Endülüs’ün çilek tarlalarında kaçakçılık tecavüz ve sömürü!| Fulya Alikoç

Faslı mevsimlik kadın işçiler, Fas ve İspanya hükümetlerinin ortak tezgahından geçerek, adeta cehenneme düşüyor.

Meyve fiyatlarının herkesin cebini yaktığı bugünlerde o meyvelerin raflara geliş hikâyesinin ilgi dışında kalması çok şaşırtıcı değil. Raflarda duran elmalara bakarken huzursuzluk yaratan fiyatı olur genelde, Isparta’da elma bahçesine giderken devrilen kamyonda can veren mevsimlik işçiler değil. Yerkürede sömürünün var olduğu her coğrafyada geçerli bir yabancılaşma halidir bu. İspanya’da mevsimlik işçi olarak çalışan Faslı kadınların ürettiği çilek, süpermarket reyonlarında dururken, o kadınların yaşadığı şiddet ve sömürüye dair hiçbir sır vermez.
DEVLET KONTROLLÜ TEZGAH
Geçtiğimiz birkaç yıl boyunca ekonomik bunalımla gündeme gelen
İspanya’nın ekonomisi için çilek ihracatı önemli bir yer tutuyor. Yılda
ortalama 400 bin ton çilek İngiltere, Fransa ve Almanya gibi diğer Avrupa
ülkelerindeki süper marketlere satılıyor. Bu, yılda ortalama 580 milyon avroluk
ihracat demek. Avrupa’nın çilek üretiminde bir numara olan İspanya’da meyveye
“kırmızı altın” denmesi anlaşılır.
İspanya’nın büyük toprak sahipleri ve ihracatçı şirketler, özellikle ülkenin
güneyinde, nam-ı diğer Endülüs bölgesindeki çilek tarlalarında çalışacak ucuz
emek gücü ihtiyacını Cebelitarık’ın öbür kıyısından karşılıyor. Fas ve İspanya
hükümetleri arasında 2001’den beri geçerli olan bir mevsimlik işçi vizesi
anlaşması var. Fas Çalışma Bakanlığı’nın kontrolünde, mevsimlik işçiler ile
İspanya’daki toprak sahipleri arasında İspanyolca sözleşmeler imzalanıyor.
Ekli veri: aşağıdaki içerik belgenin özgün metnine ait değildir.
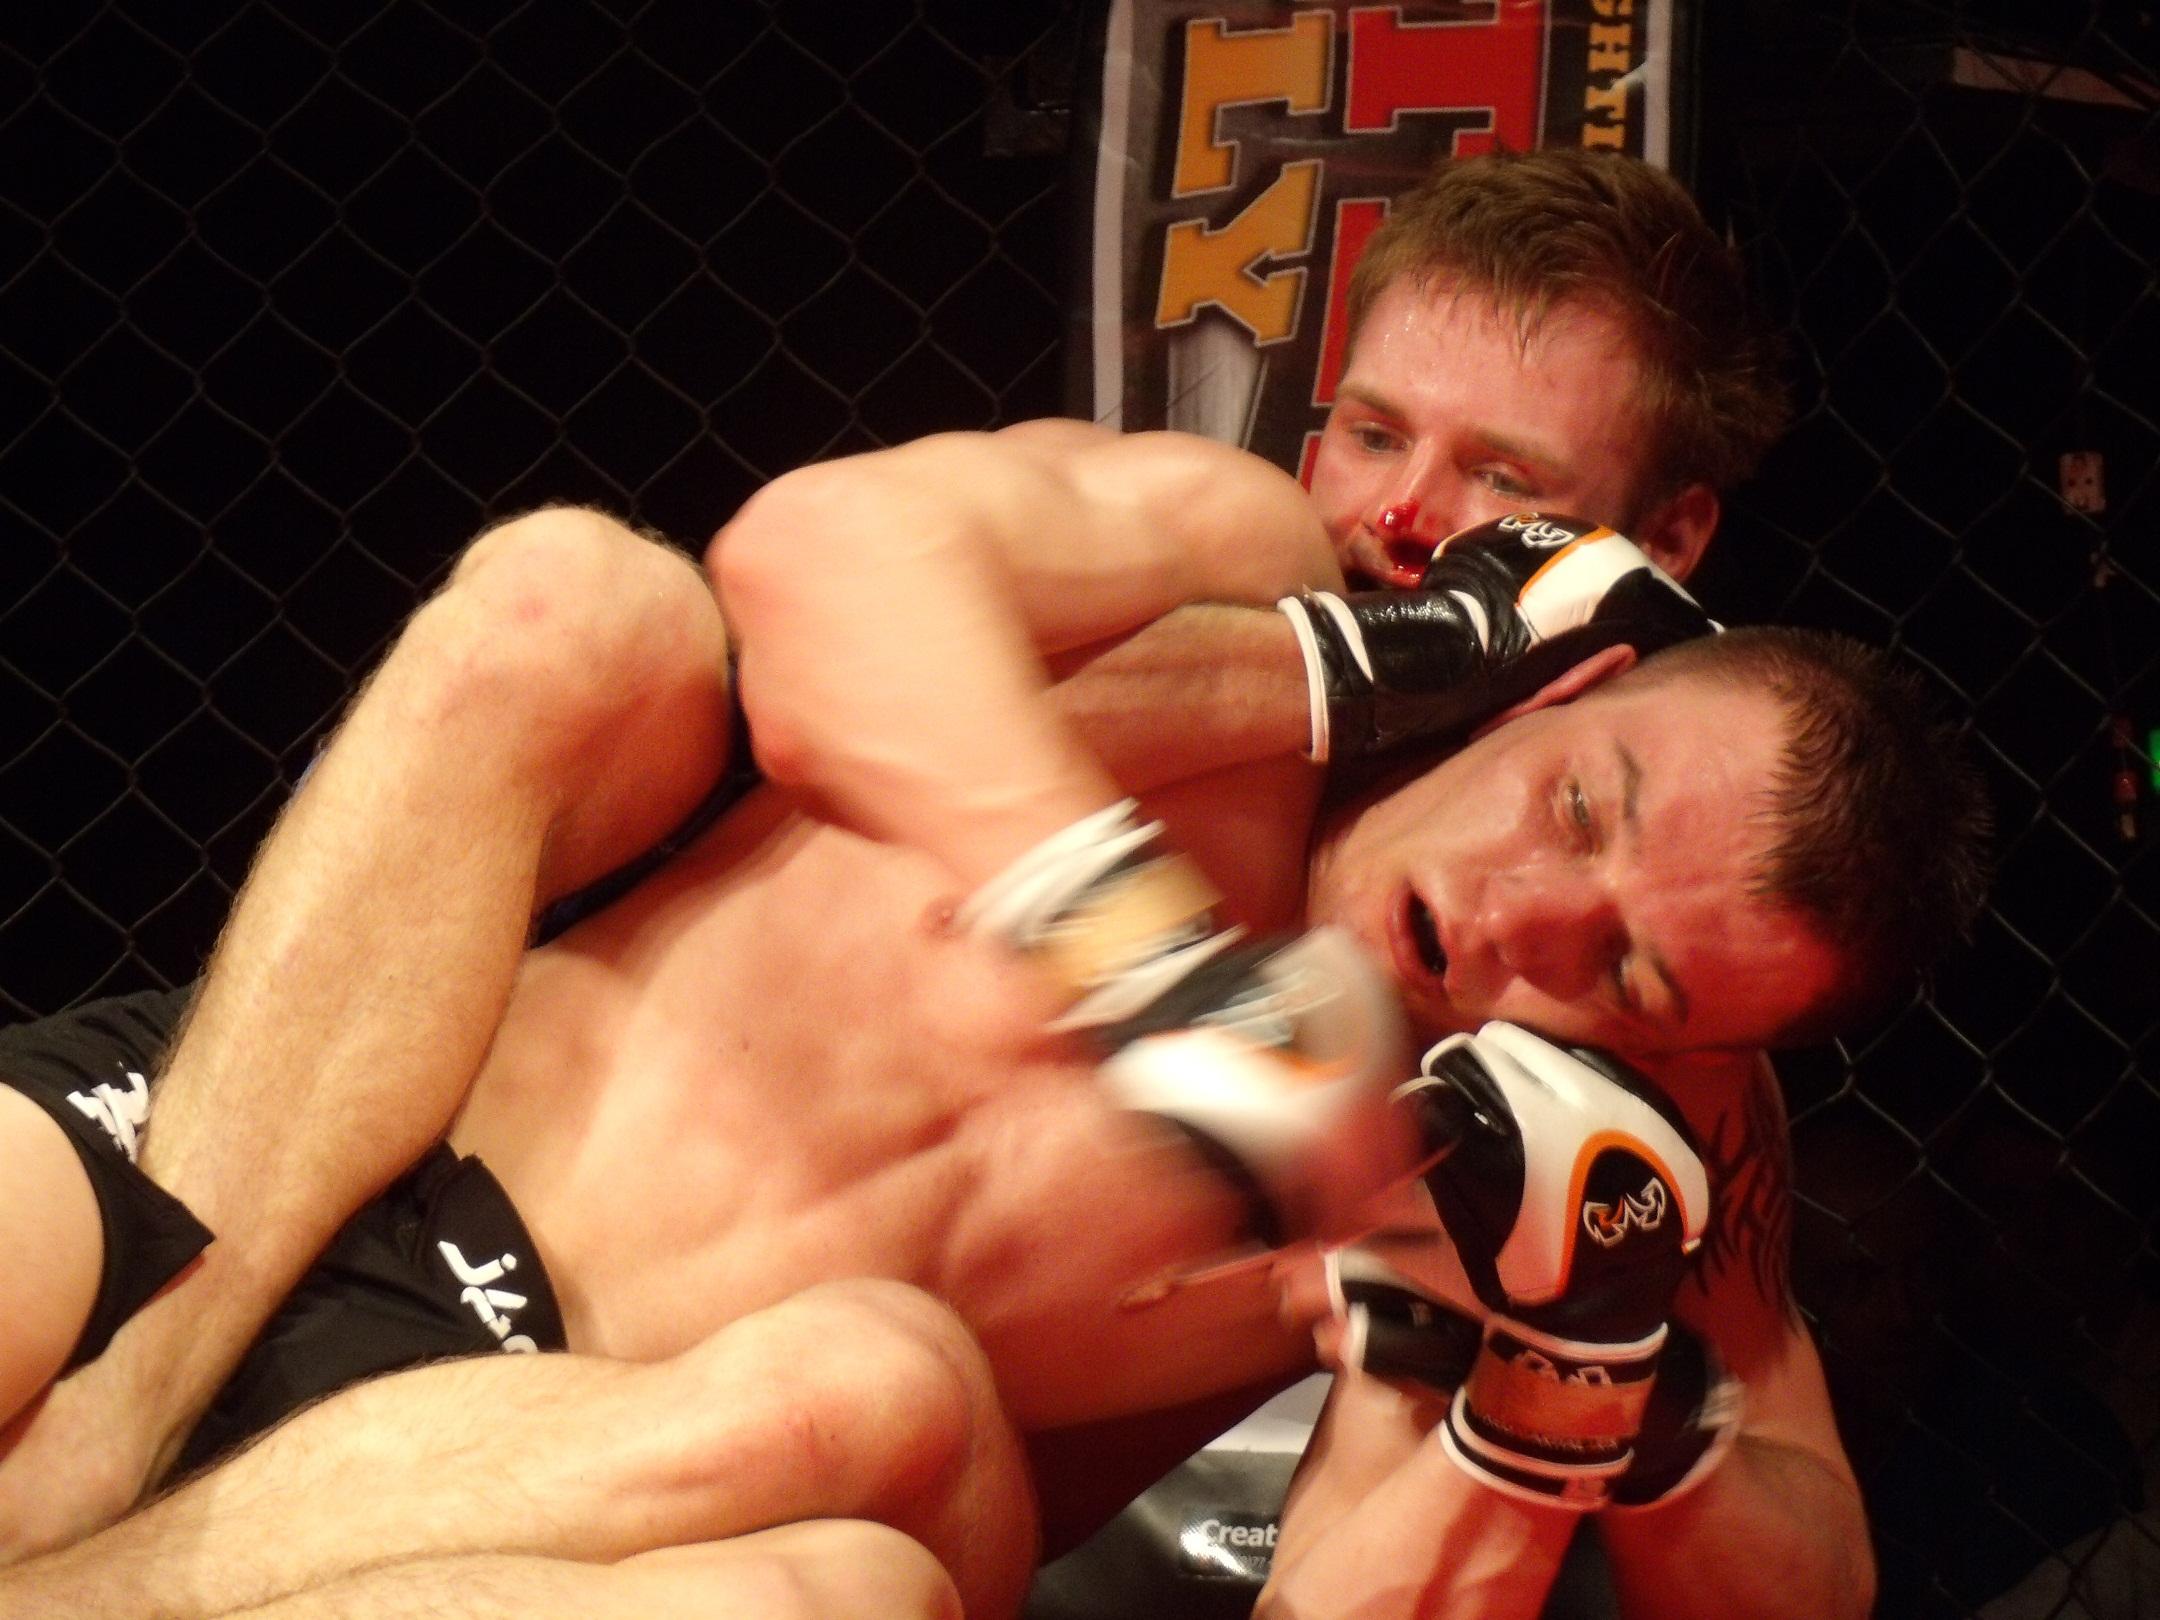 Duffy (back) Krawczyk (front)

Arapça konuşan mevsimlik tarım işçisi kadınlar İspanyolca bilmiyor. Çalışma
koşulları sözlü açıklanıyor. Günlük 40 avro yevmiyeye ek olarak yemek ve
konaklamanın işveren tarafından karşılanacağı söyleniyor. Kadınlara bir videoda
güzel bir ev gösteriliyor ve burada kalacakları söyleniyor.
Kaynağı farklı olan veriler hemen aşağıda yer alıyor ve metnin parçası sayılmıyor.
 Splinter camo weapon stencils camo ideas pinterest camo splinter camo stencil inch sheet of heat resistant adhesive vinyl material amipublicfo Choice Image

Bu koşullara inandırılan kadınlar, 3 aylık mevsimlik işçi vizesi, seyahat
masrafları, çizme ve eldiven masraflarına karşılık istenen 700 avroyu
verebilmek için bankalardan kredi çekiyor. Tüm bu tezgâh Fas ve İspanya
hükümetlerinin kontrolünde gerçekleşiyor.
ÇİLEK TARLASINDA KÖLELİK
Yılda yaklaşık 20 bin Faslı kadın, ailelerine para
göndereceklerini hayal ederek Endülüs’ün çilek tarlalarına geliyor. 1 avronun
yaklaşık 10 Fas dirhemine eşit olduğu düşünüldüğünde 3 aylık çile kime çekilir
gelmez ki?
Cebelitarık’ı geçip tarlaya ulaştıklarında ilk sürprizle karşılaşıyorlar.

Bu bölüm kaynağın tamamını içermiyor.